L'Arsenal e l'Adidas hanno dovuto fronteggiare un problema non di poco conto. La campagna social per lanciare la nuova maglia dei Gunners è stata utilizzata da alcuni utenti per lanciare messaggi antisemiti. E adesso Twitter sta indagando.

Redazione Il Posticipo

Prima regola di internet: se qualcosa viene pubblicato, è possibile crearci sopra una polemica. O almeno, utilizzarlo per scopi diversi da quelli previsti. E soprattutto quando si creano sistemi che non prevedono un controllo umano, le conseguenze possono essere...particolari. Lo hanno imparato a loro spese l'Arsenal e l'Adidas, che hanno dovuto fronteggiare un problema non di poco conto. La campagna social per lanciare la nuova maglia dei Gunners è stata utilizzata da alcuni utenti per lanciare messaggi antisemiti. E adesso, da quanto riporta il Sun, Twitter sta indagando su chi ha trasformato la funzione interattiva in una macchina per creare insulti.

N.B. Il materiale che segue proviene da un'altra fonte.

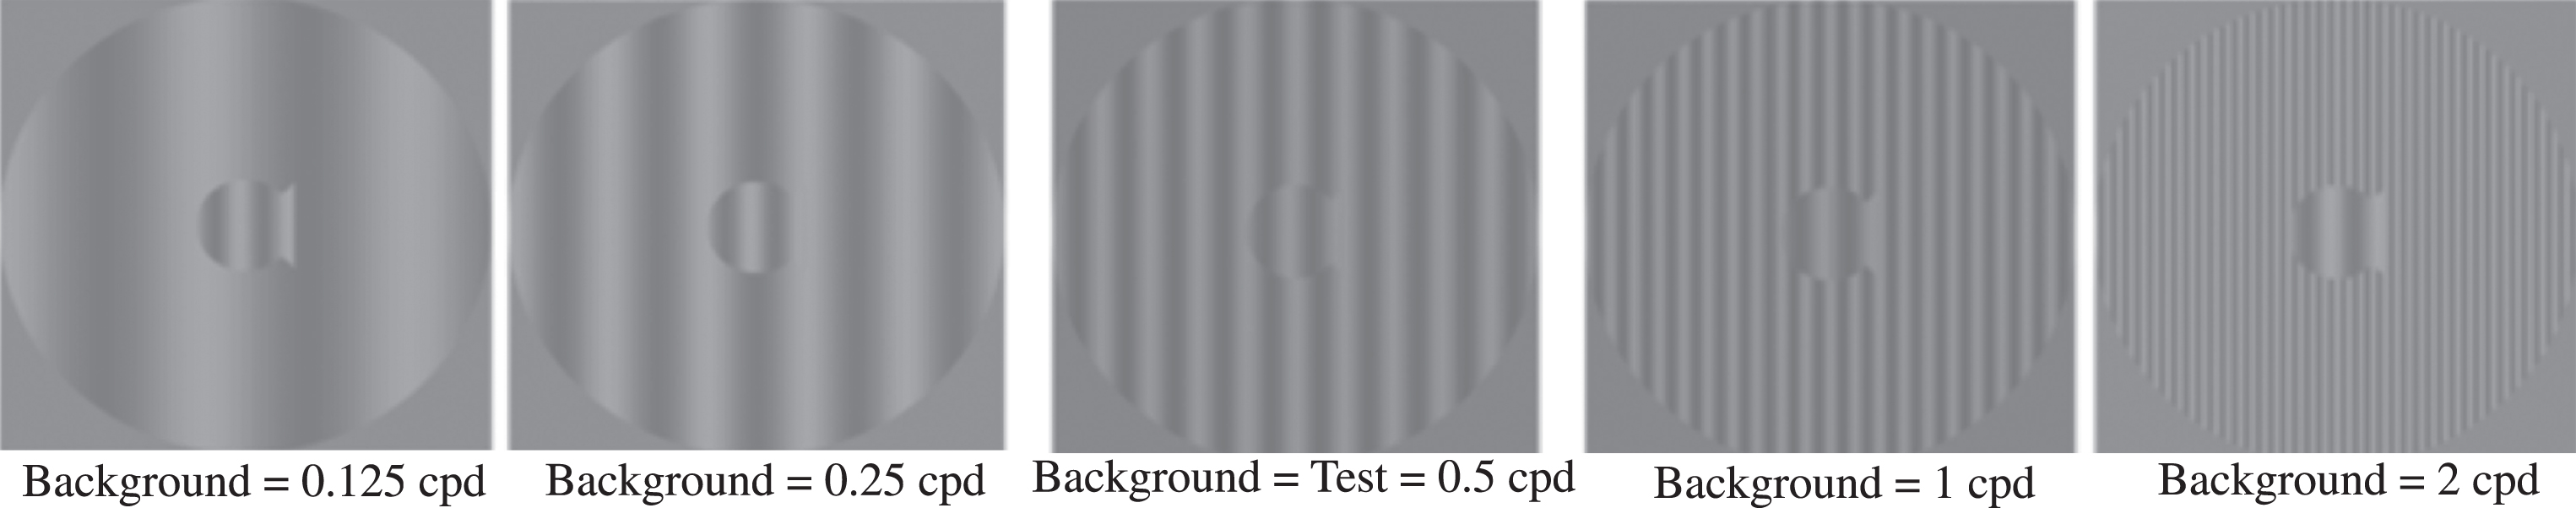 Sample patterns at Complexity Level 1 for a background two octaves lower in spatial frequency than the test frequency, one octave lower in spatial frequency than the test frequency, equal in spatial frequency to the test frequency, one octave higher in spatial frequency than the test frequency, and two octaves higher in spatial frequency than the 0.5 cyc/deg “fish shaped” test pattern. This same set of backgrounds was presented in this order for each of the 4 test spatial frequencies.
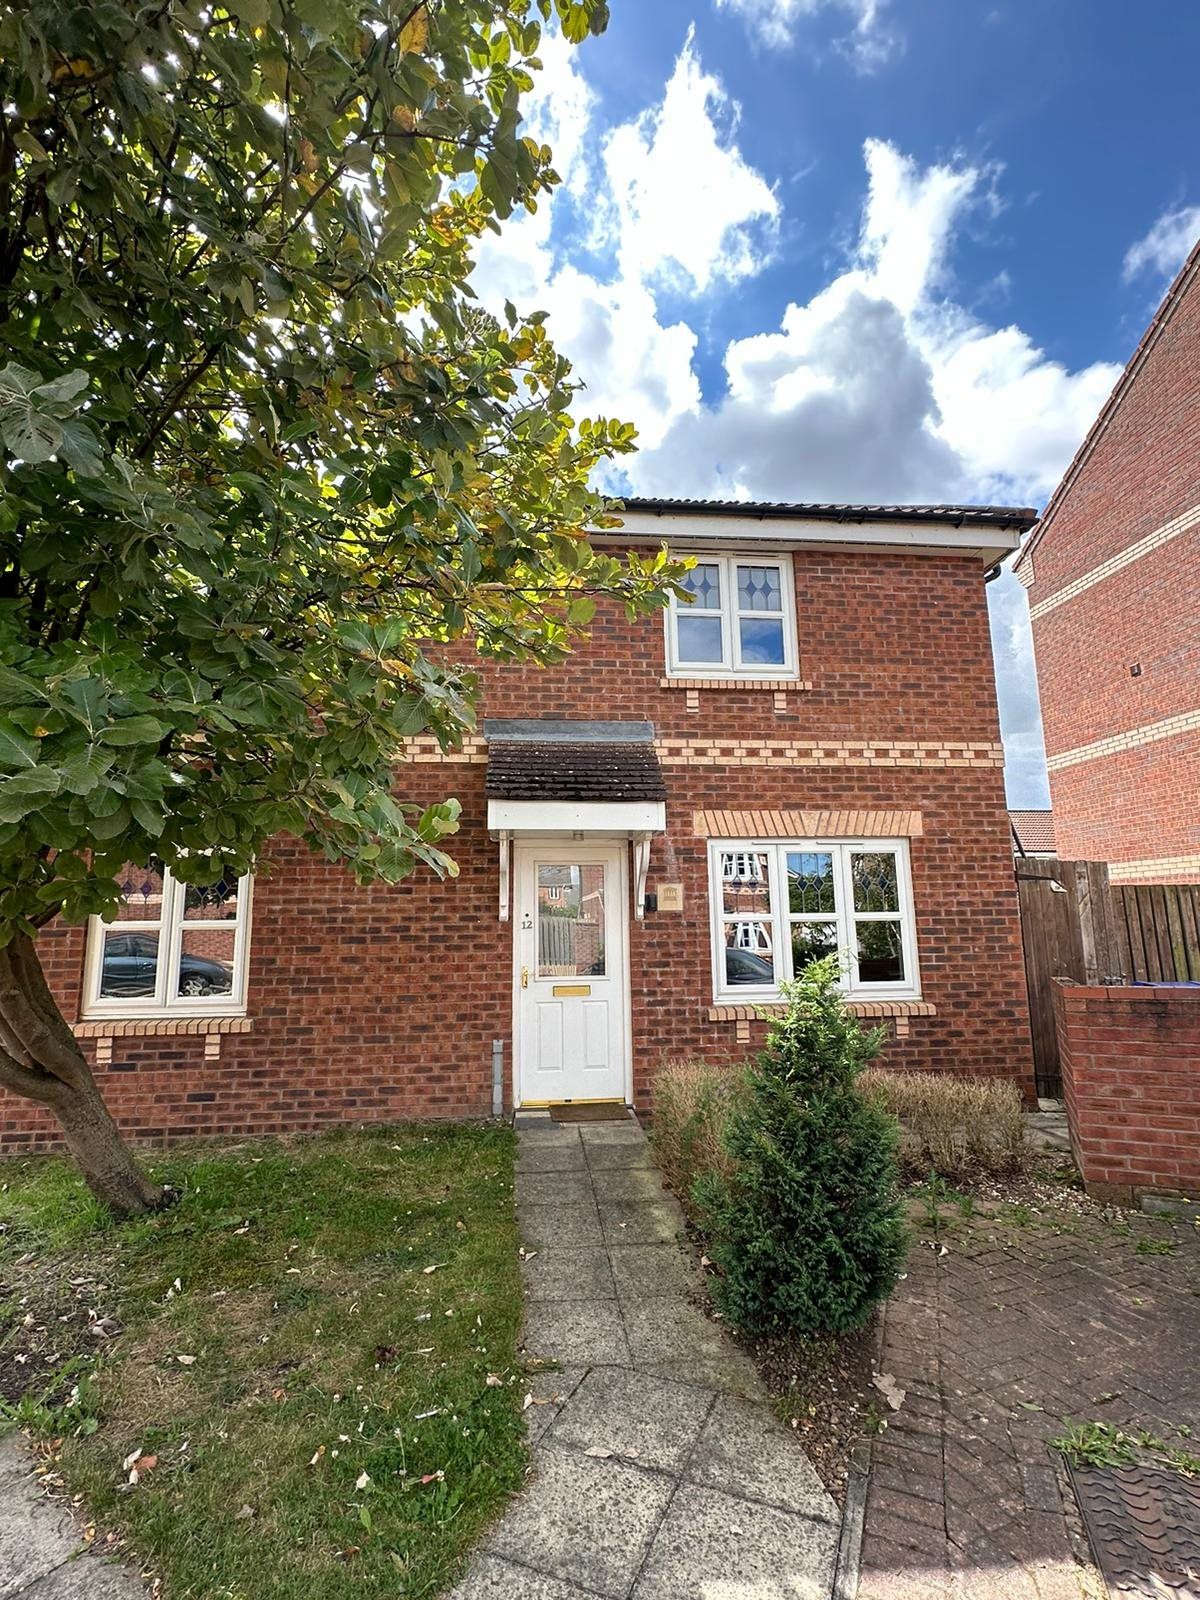 Twigg Crescent, Armthorpe, Doncaster, DN3 2FP

NESSUN CONTROLLO - L'idea era semplice e apprezzata dai fan. I tifosi dell'Arsenal potevano chiedere che il loro nickname di Twitter finisse dietro il disegno di una maglia dei Gunners. Fin qui tutto bene, se non fosse che il sistema era automatizzato e quindi privo di un qualsiasi controllo. Di conseguenza chiunque poteva inserire un nickname anche falso come "Innocent Hitler" e ottenere il proprio obiettivo. E quindi hanno cominciato a circolare immagini della campagna pubblicitaria con maglie con su scritto "Morte ai neri", oppure "gasate tutti gli ebrei". Non sono mancati, come riporta il tabloid, anche riferimenti alla tragedia di Hillsborough o a casi scottanti come quelli di Maddie McCann.

I COMUNICATI - Naturalmente, non appena l'Adidas si è accorta di come la campagna veniva sfruttata online, la funzione è stata prontamente rimossa, come spiegato da un portavoce dell'azienda all'Huffington Post. "Ci hanno fatto notare che la meccanica che abbiamo creato per la nostra partnership con l'Arsenal per avere il nome sulla nuova maglia è stata utilizzata in maniera negativa. A causa di una piccola minoranza di utenti che ha creato versioni offensive della maglia, abbiamo immediatamente disattivato la funzionalità. Ora il team di Twitter farà le sue investigazioni". E anche l'Arsenal ha detto la sua: "Condanniamo assolutamente un linguaggio del genere, che non ha posto nel nostro sport e nella nostra società". Ma per colpa di qualcuno, ora il gioco è finito per tutti.